In altre parole, sono i colossi industriali e bancari oltre che i maggiori leader politici dell'Occidente che oggi guidano la cosiddetta transizione verde e che hanno creato un clima intimidatorio nei riguardi di ogni voce dissidente: si tratti del riscaldamento globale come della pandemia, della fine delle risorse come delle questioni di genere. In tale situazione è significativo che Intel abbia annunciato la costruzione, in Sassonia, di uno stabilimento per i chip necessari alla produzione di auto elettriche. L'accordo, va precisato, prevede che il governo guidato dal socialista Olaf Scholz dia ben 10 miliardi di euro dei contribuenti tedeschi al colosso californiano.

Se l'ecologismo è oggi la filosofia di comodo dei governanti, dei finanzieri, degli intellettuali e dei maggiori mezzi di comunicazione, è perché permette un dominio senza pari. In questo inedito scenario non deve sorprendere che il neo-ambientalismo finanziario di Stato non sia in nessun modo pacifista. D'altra parte, com'è possibile che questo consenso generalizzato sull'ambientalismo esprima perplessità dinanzi al perdurare di un conflitto tanto sanguinoso tra Ucraina e Russia, nel momento in cui i suoi maggiori alfieri politici (da Joe Biden a Emmanuel Macron, a Justin Trudeau) sono in prima linea nel sostenere la guerra e nell'inviare armi a Kiev?

Anche se in modo confuso, il vecchio ecologismo voleva disarmare gli Stati. Sullo sfondo c'era il sogno (ingenuo, senza dubbio) di un'Arcadia senza catene di produzione e senza consumi di massa, ma anche senza eserciti e senza scontri. L'ecologismo odierno, invece, non soltanto è sovvenziato dalle principali società quotate a Wall Street, ma oltre ciò si propone soprattutto nel dibattito americano di disarmare i cittadini. Il politicamente corretto dell'ideologia woke, che ha tra i propri pilastri pure l'ESG, celebra ogni retorica basata su biologico e sostenibilità, ma è in prima linea nella lotta alle discriminazioni di genere o razziali, e anche nella battaglia per abolire il secondo emendamento della Costituzione americana: quello dei gun rights.

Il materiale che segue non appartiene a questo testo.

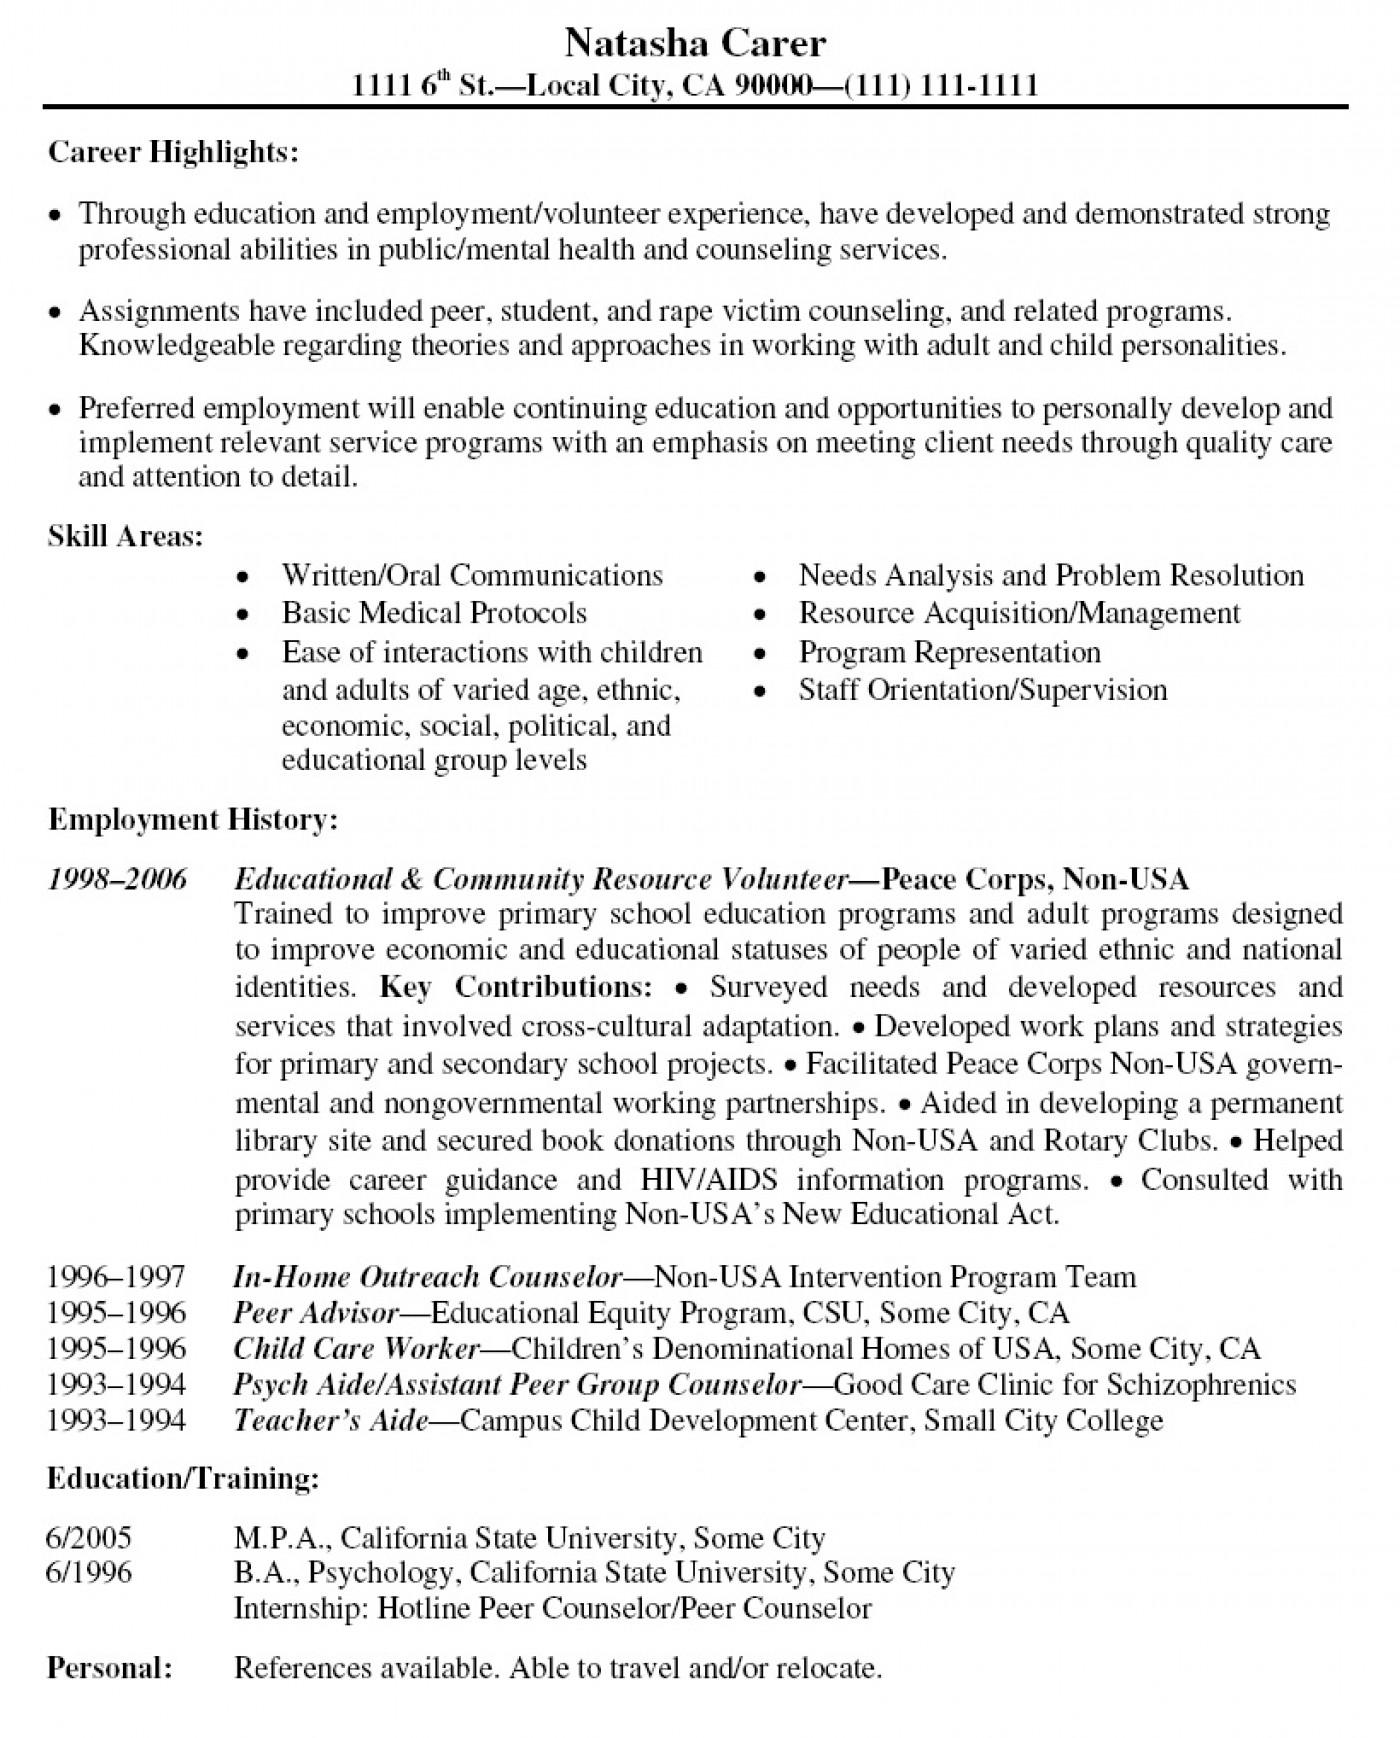 001 Volunteer Experience Essay Resume Example Latest Format L

Una simile evoluzione dell'ambientalismo è interessante. Ci dice molto sulla sinistra attuale, che ha smesso di contestare il sistema e se n'è appropriata, ma anche sul rapporto sempre più complicato tra potere politico, mondo degli affari, intellettuali e reti informative.

In questi giorni sul quotidiano progressista inglese The Guardian è apparso un pezzo firmato dai ministri dell'ambiente di Australia, Canada e Nuova Zelanda (Chris Bowen, Steven Guilbeault e James Shaw) in cui si chiede una Bretton Woods 2.0: una nuova architettura finanziaria mondiale volta a sostenere linee di credito in grado di affrontare al più presto il riscaldamento globale. I tre uomini politici non si nascondono dietro a dito e parlano apertamente di sbloccare maggiori investimenti a favore del sistema privato, perché nel potere contemporaneo gli interessi e l'ideologia, gli oligarchi delle grandi imprese e i poteri di Stato, s'intrecciano di continuo.

In fondo, nell'eco-pacifismo vi era il persistere di una prospettiva umanista e, non di rado, perfino religiosa. Al contrario, oggi l'ideologia green sostenuta dai governi e dalle principali centrali economiche guarda all'uomo come a un nemico. Ormai non ci stupisce nemmeno più di leggere come hanno scritto alcuni ricercatori di Lund che rinunciare ad avere un figlio rappresenterebbe una riduzione media annua di 58,6 tonnellate di anidride carbonica.

Se l'uomo è il

distruttore del pianeta e se ridimensionare la popolazione globale è la migliore risposta per salvare il mondo, allora anche la guerra può avere entro questa visione distorta della realtà qualche possibilità di essere apprezzata.